Покончив с похоронами, занялся оружием. С собой решил взять оба пистолета, свой ТТ и трофейный «Вальтер», немецкий автомат и сколько унесет без потери мобильности боеприпасов. Запасной диск для ППШ тоже захватил с собой – будет время, распотрошит, пересыпав патроны в карман. С боекомплектом для немецкого «машиненпистоля» поступил еще проще, просто натянув снятую с одного из «электриков» портупею. Два подсумка по три магазина в каждом и еще пять магазинов – в очередной трофейный ранец, из которого он выкинул все, кроме банки консервов и пачки галет. Туда же отправились пять гранат, и еще четыре запихнул на немецкий манер за пояс. Так, теперь портфель. Сломав кинжалом замок, вывалил содержимое прямо на землю. Просмотрел. Карты, несколько опечатанных конвертов размером в пол-листа, какие-то тощие картонные папки на тесемках. Немецкого Захаров не знал, только обычное киношное «хенде-хох», «Гитлер капут» и «нихт шиссен, камераден», так что и мозги напрягать не стал. Хотя и допускал вероятность, что эти бумажки вполне могут изменить ход истории. Не стратегически, разумеется, тактически, но все же. Курская битва на носу, ага… Просто переложил все в собственную полевую сумку, отправив туда же документы погибших товарищей и немецкие зольдбухи. И вовсе не потому, что не хотел тащить с собой неудобный портфель с перерезанной ручкой: придумал кое-что позаковыристей. А именно – еще разок сбегал к догорающему самолету и, рискуя обжечься, подбросил «чемодан» к увенчанной наручниками руке обгоревшего оберста. Постоял, морщась от жара и вони горелого мяса, убеждаясь, что кожаный портфель тоже неплохо загорелся, после чего удовлетворенно хмыкнул и двинулся обратно. «Шторху» полыхать еще минимум с час, а потом, когда сюда прибудут – если прибудут – фрицы, ни у кого не должно возникнуть подозрения, что портфель сгорел вместе с секретными документами. Останется обугленный замок, петли ручки и стальные уголки – но от бумаги и кожи при такой температуре точно ничего не останется. Опять же наручники на руке обгорелого до неузнаваемости тела. А значит, если он благополучно перейдет линию фронта, будет вам, суки, подарочек!
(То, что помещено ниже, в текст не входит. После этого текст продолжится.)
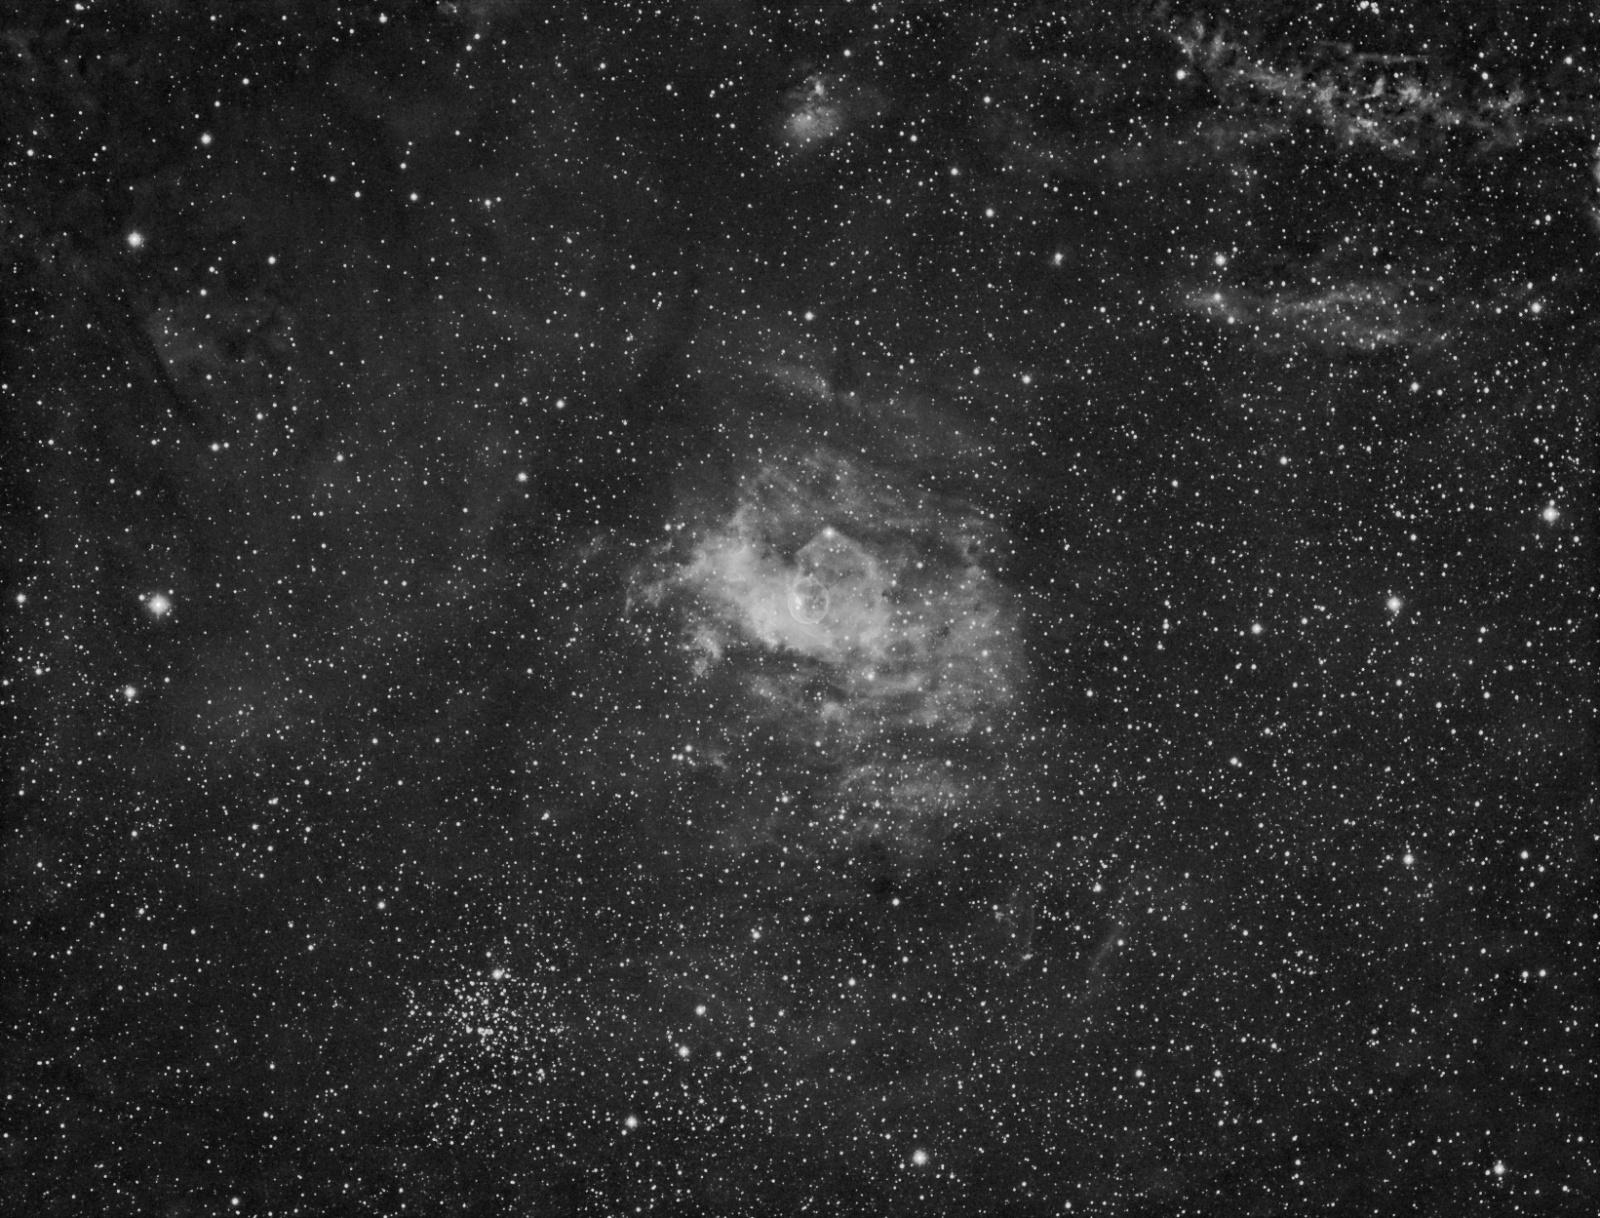 NGC_7635_35x10m.thumb.jpg.2b1f8100c7c0a207d9cd62f8e00814bd.jpg

На этот раз Дмитрий минировать трупы не стал, лишь собрал солдатские книжки у мертвых эсэсовцев, и тех, что погибли в бою с танкистами, и у двоих расстрелянных возле самолета. К третьему, судя по всему, командиру поисковой группы, лезть не стал, поскольку до тела уже добрался горящий авиационный бензин. Не из особого человеколюбия, конечно, просто не знал, насколько эффективны для подобного трофейные «двадцать четвертые» с их терочным запалом и долгим временем горения замедлителя. Еще раз оглядев ставшее роковым для товарищей место, решительно развернулся и быстрым шагом двинулся прочь. И так задержался сверх всякой меры. Но иначе было нельзя, никак нельзя…
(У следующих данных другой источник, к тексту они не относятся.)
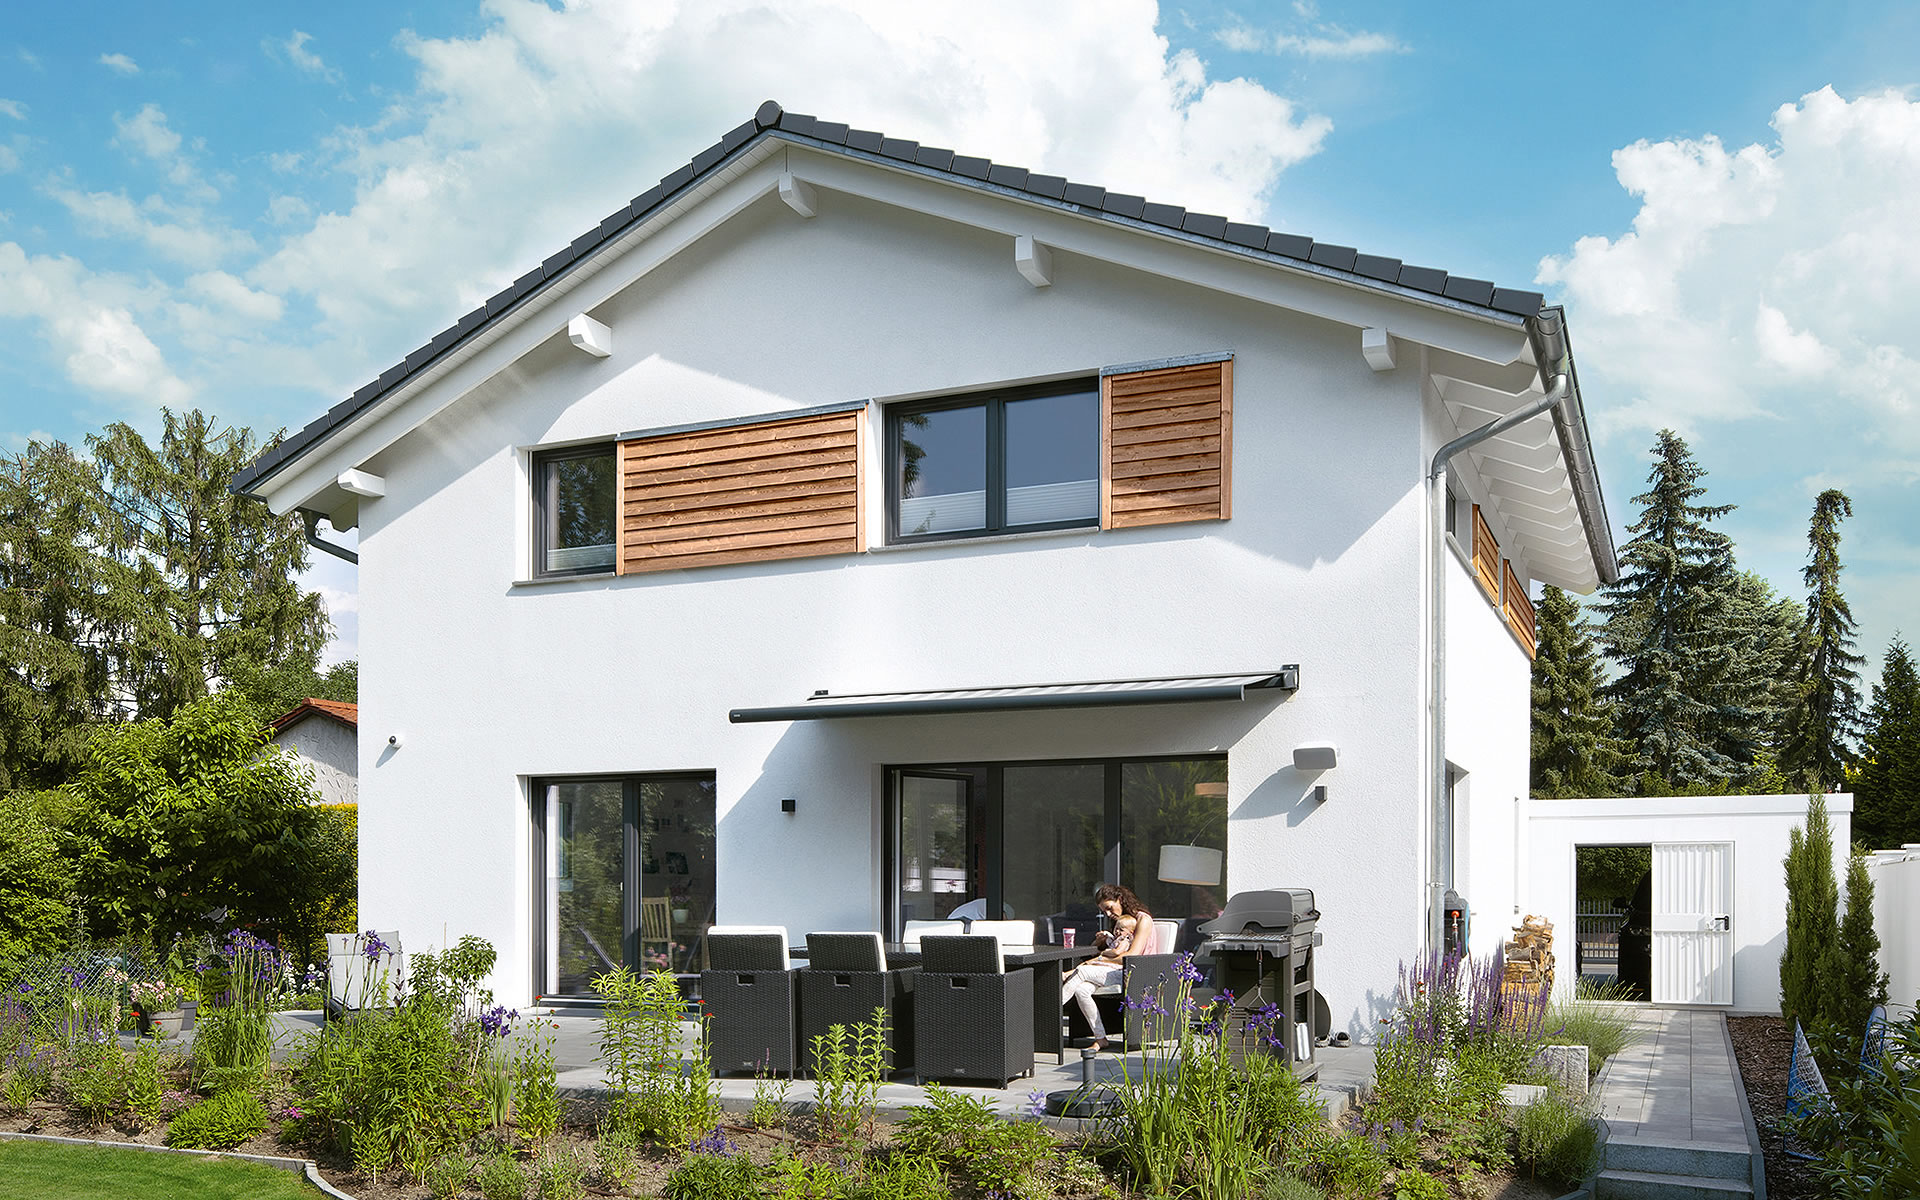 Individual (Greve) von WeberHaus GmbH & Co. KG

…А вот через полкилометра интенсивного марш-броска по пересеченной, суть, лесной местности на него и накатило в очередной раз. Наверное, дело было в том, что до этого его отвлекали товарищи – не разговорами, просто самим своим присутствием. Футурошок – не футурошок, но накрыло качественно. В духе – что он тут вообще делает и зачем все это?! Настолько качественно накрыло, что он аж остановился, а затем и вовсе сполз по стволу ближайшей сосны. Бля, а ведь все это правда! Все это по-настоящему! И товарищей он хоронил тоже по-настоящему, если вернется в свое время, наверняка останки найти сможет, если, конечно, место верно запомнил. Игра? Да какая уже на… игра?! ЖИЗНЬ ЭТО… ТОЧНЕЕ, ВОЙНА! Самая настоящая, настоящее некуда. В чем-то куда более настоящая, чем его собственная война «за речкой»! Там хоть потери миллионами не исчислялись.
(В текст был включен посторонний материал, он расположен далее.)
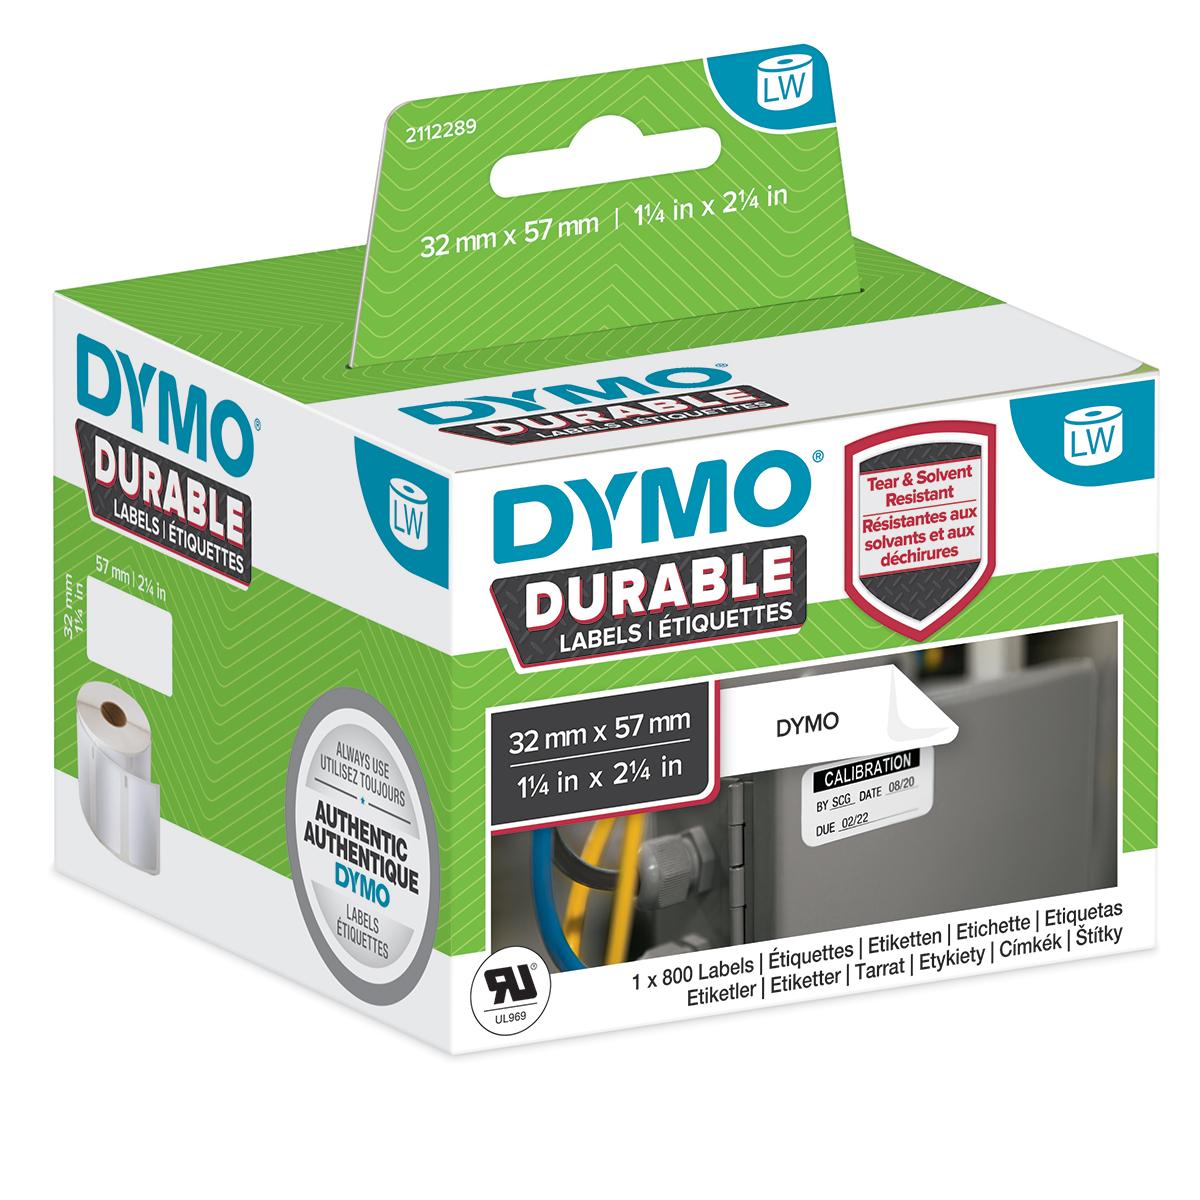 Dymo 2112289 LW Durable medium multi-purpose 57mm x 32mm Black on White

Нащупав дрожащей рукой трофейную флягу, одну из двух прихваченных с собой, сделал пару глотков. Шнапс горячей волной скользнул в желудок, пришлось запить водой из второй. Полегчало? А хрен его знает, возможно, что и полегчало… Так, стоп, нужно взять себя в руки. В конце концов, он ведь давно уже пришел к выводу, что все происходящее – правда, просто боялся перейти некую последнюю грань, боялся окончательно поверить. Ну и что, поверил теперь? Ага, именно так… Ну, и чего расселся, де́сант?! Встать! Встать, сука, и вперед! Встать…
Аутотренинг помогал плохо. По крайней мере, куда хуже, нежели выпитый шнапс. Поколебавшись, Дмитрий сделал еще глоток и заставил себя подняться на ноги. Все, хватит рефлексовать и футурошокить. В дорогу пора, до темноты не так уж и много времени осталось…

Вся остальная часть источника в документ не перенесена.